Is a rate rise already too late? Had merv lost control? and this was before anyone knew of this weeks surprise unexpected increase in inflation.

Inflation expectations hit 2-year high in November - BoE

Thu Dec 16, 2010 9:55am GMT

LONDON (Reuters) - Britons expect a higher rate of inflation over the coming year than at any time since August 2008, suggesting concern about a looming sales tax rise and rising food prices, a Bank of England survey showed on Thursday.

The Bank's November inflation attitudes survey showed that the public expect inflation of 3.9 percent over the next 12 months, up from an expected 3.4 percent in August and the highest rate since August 2008.

Inflation has been at least a percentage point above the Bank's 2 percent target since the start of the year, due in part to a rise in value-added tax in January as well as high commodity prices. Last month consumer price inflation unexpectedly rose to a six-month high of 3.3 percent due to record increases in food and clothing prices.

A further rise in VAT is due next month, and the Bank itself expects inflation of well over 3 percent next year before it falls back to target early in 2012.

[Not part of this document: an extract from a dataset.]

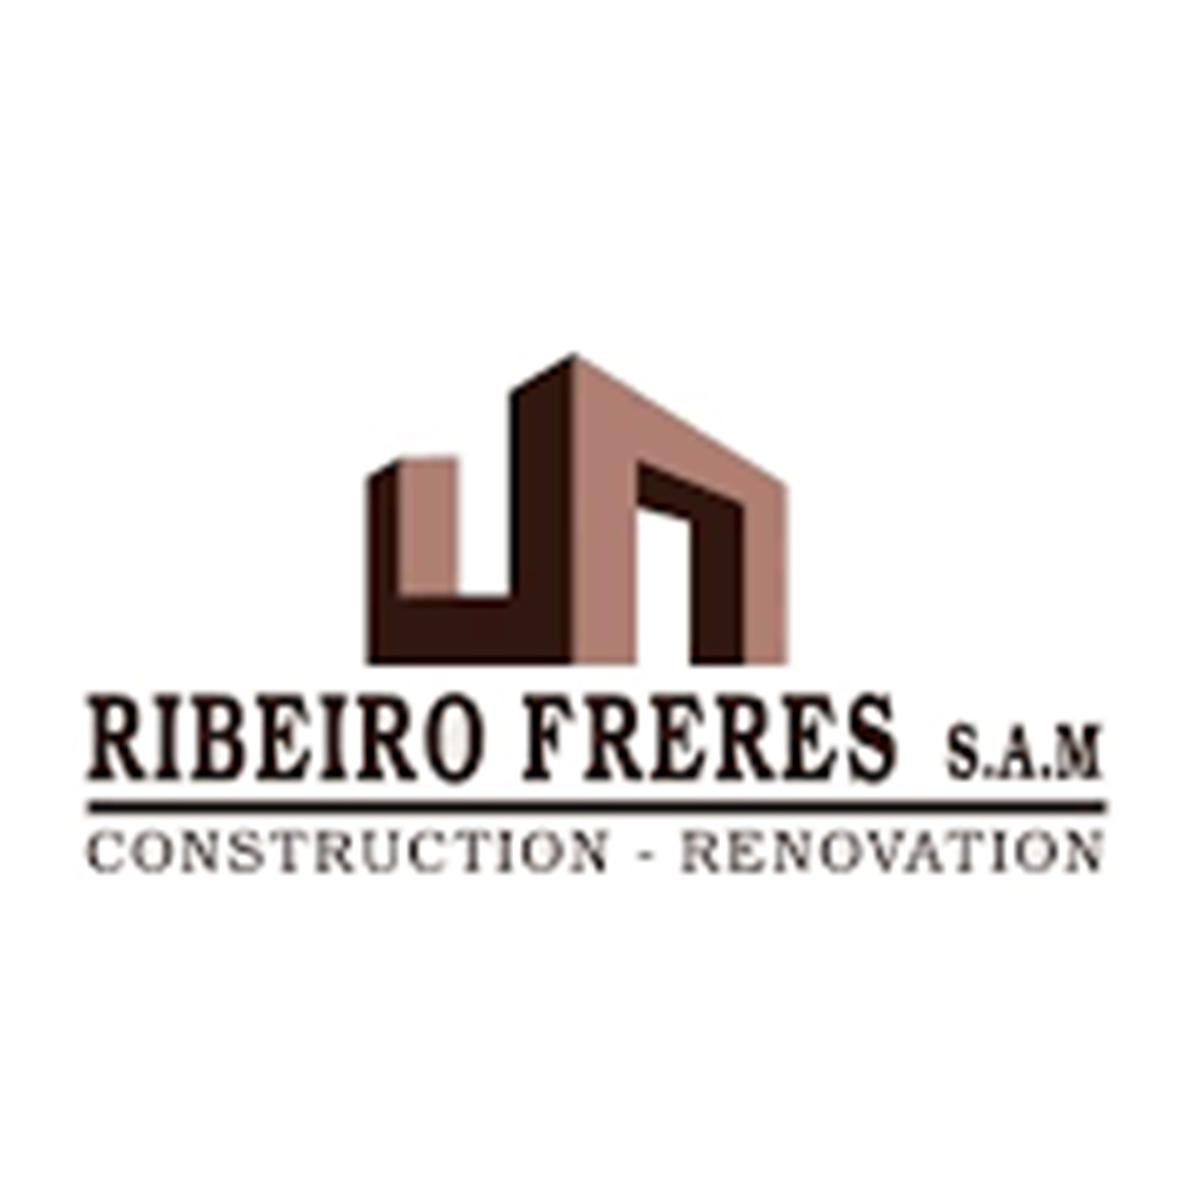 SAM RIBEIRO FRERES

Respondents in the Bank's survey said they expected inflation in two years time be 3.2 percent and in five years time to be at 3.3 percent -- the highest forecasts for these measures since the Bank first asked about them in February 2009.

The Bank had not previously made the answers to these questions public.

Bank Deputy Governor Charles Bean said earlier this week that the central bank was keeping a very close eye on inflation expectations in case they triggered a spiral of pre-emptive price rises and wage demands that could stop inflation falling.

The survey was carried out by polling company GfK NOP between November 11 and November 16, and interviewed 2,057 people.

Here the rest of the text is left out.